Глубокий рудник постоянно заливался обильно сочившейся откуда-то водой. Под землей было нелегко, но люди охотно шли в забойщики. Работа на вороте, который, упираясь в длинные почерневшие жерди, приводили в движение семь человек, считалась легче, однако в летнюю жару изнуряла до бесчувствия. Кроме того, кайловщикам за каждый день платили на полкопейки больше, а это было важно для рудокопов, так как большинство из них присылалось на шахтные работы за недоимки.

Егору опротивела подневольная собачья жизнь на руднике. Если бы все шло по справедливости, давно бы отпустили домой. Но не повезло Егору — невзлюбил парня десятник, от которого постоянно несло сивушным перегаром. Редкий день не штрафовал он Егора за какую-нибудь надуманную им же провинность.

Больно щемило сердце при воспоминании о привычной крестьянской жизни. Угнал его на шахту голова Частинского приказа Кулаков. После смерти отца Егор остался старшим мужиком в семье. Хорошая земля Бормантовых давно приглянулась голове, и он всячески пытался прибрать ее к рукам.
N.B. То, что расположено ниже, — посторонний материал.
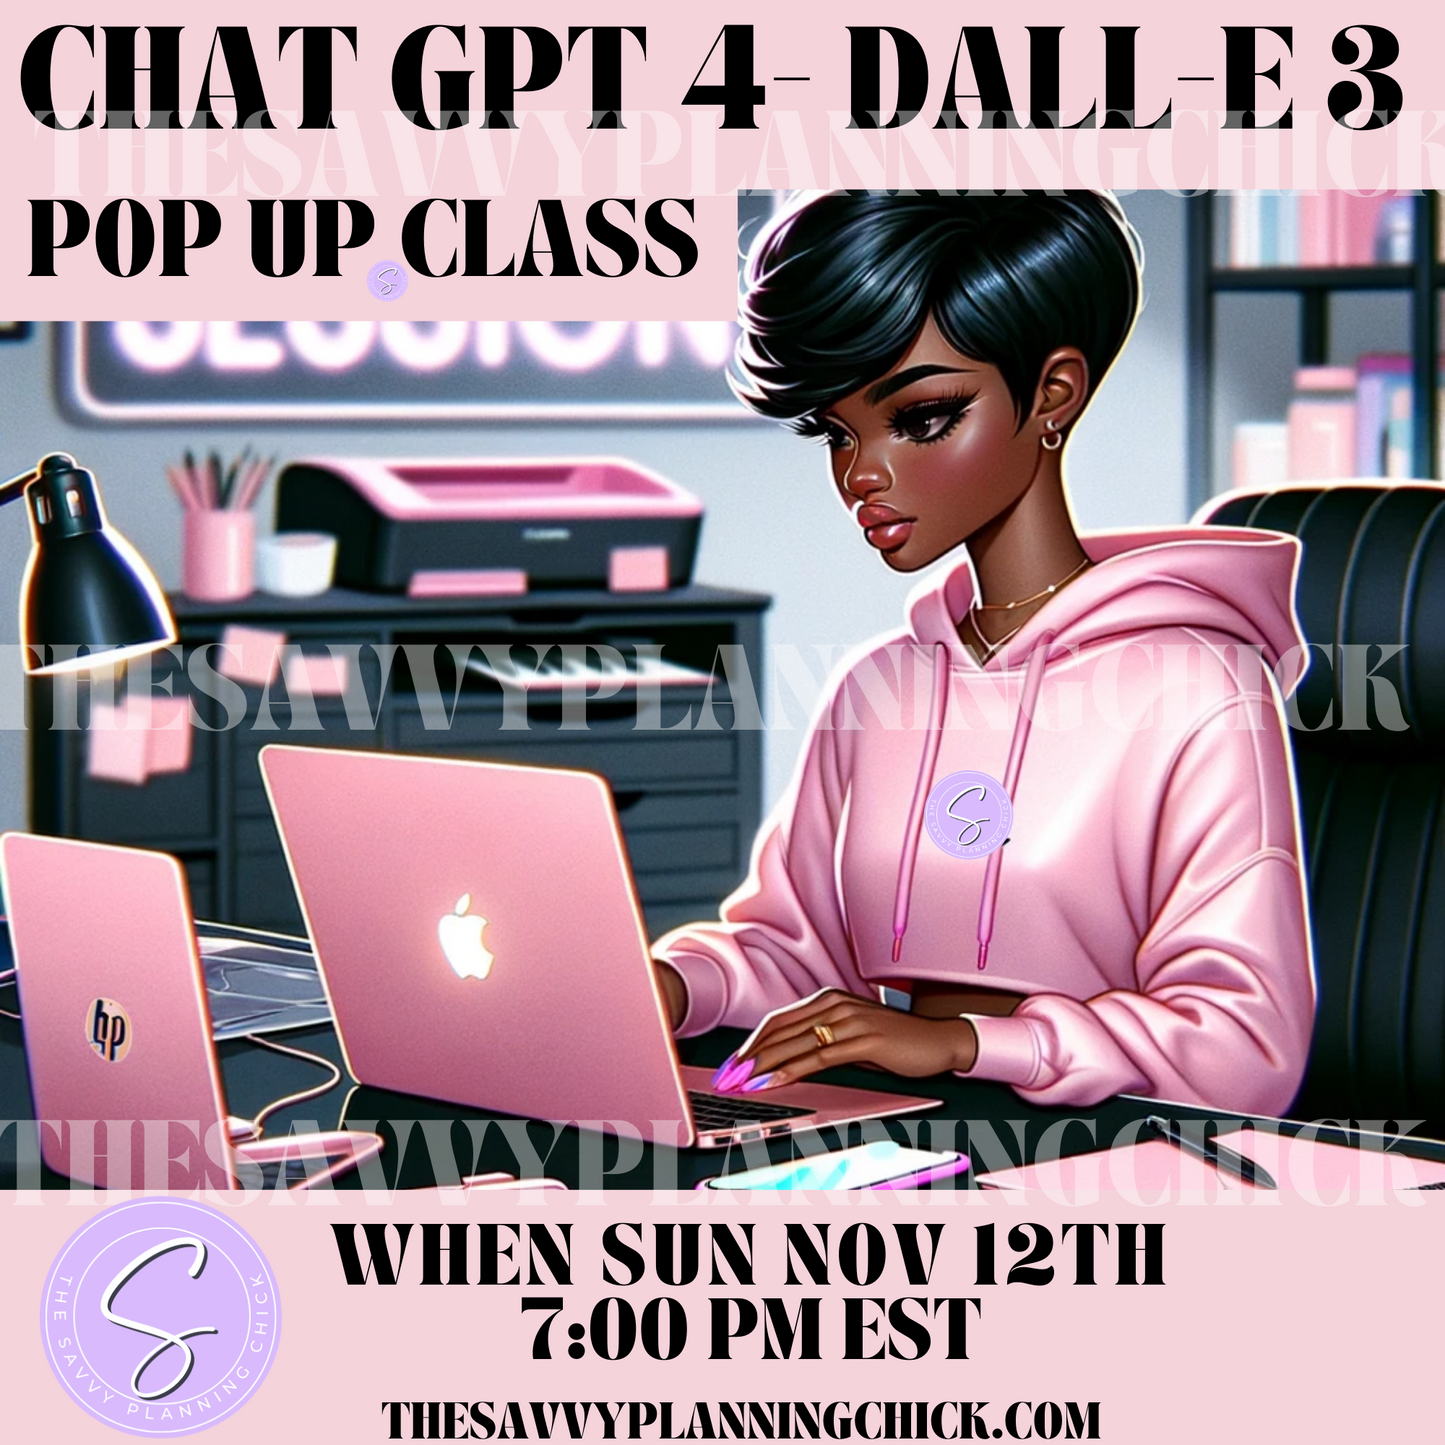 CHAT GPT 4 DALL-E 3 POP UP CLASS-REPLAY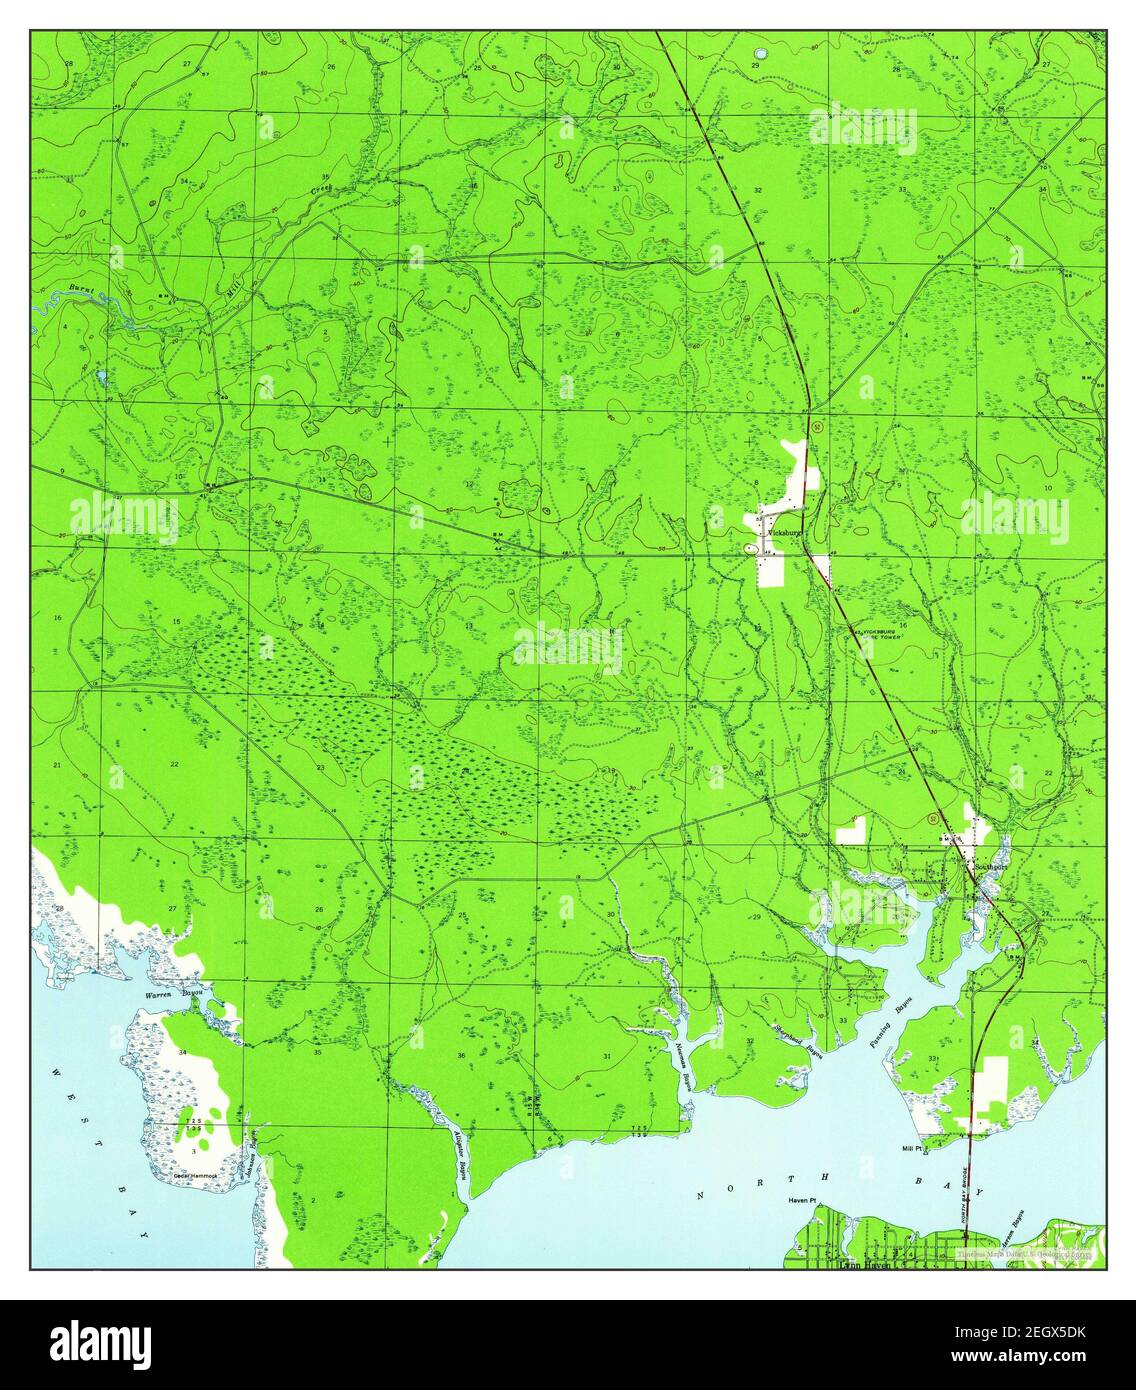 Southport, Florida, map 1944, 1:24000, United States of America by Timeless Maps, data U.S. Geological Survey Stock Photo

Долг Бормантовых был не так уж велик, но Куликов выслал-таки Егора на дальние рудники. Вот уж сколько времени не доходит никаких вестей с родной сторонки. Как-то они там? Все чаще в голову приходили мысли о побеге. Наперед знал, что мало хорошего получится из этой затеи. А все же хотелось повидать своих…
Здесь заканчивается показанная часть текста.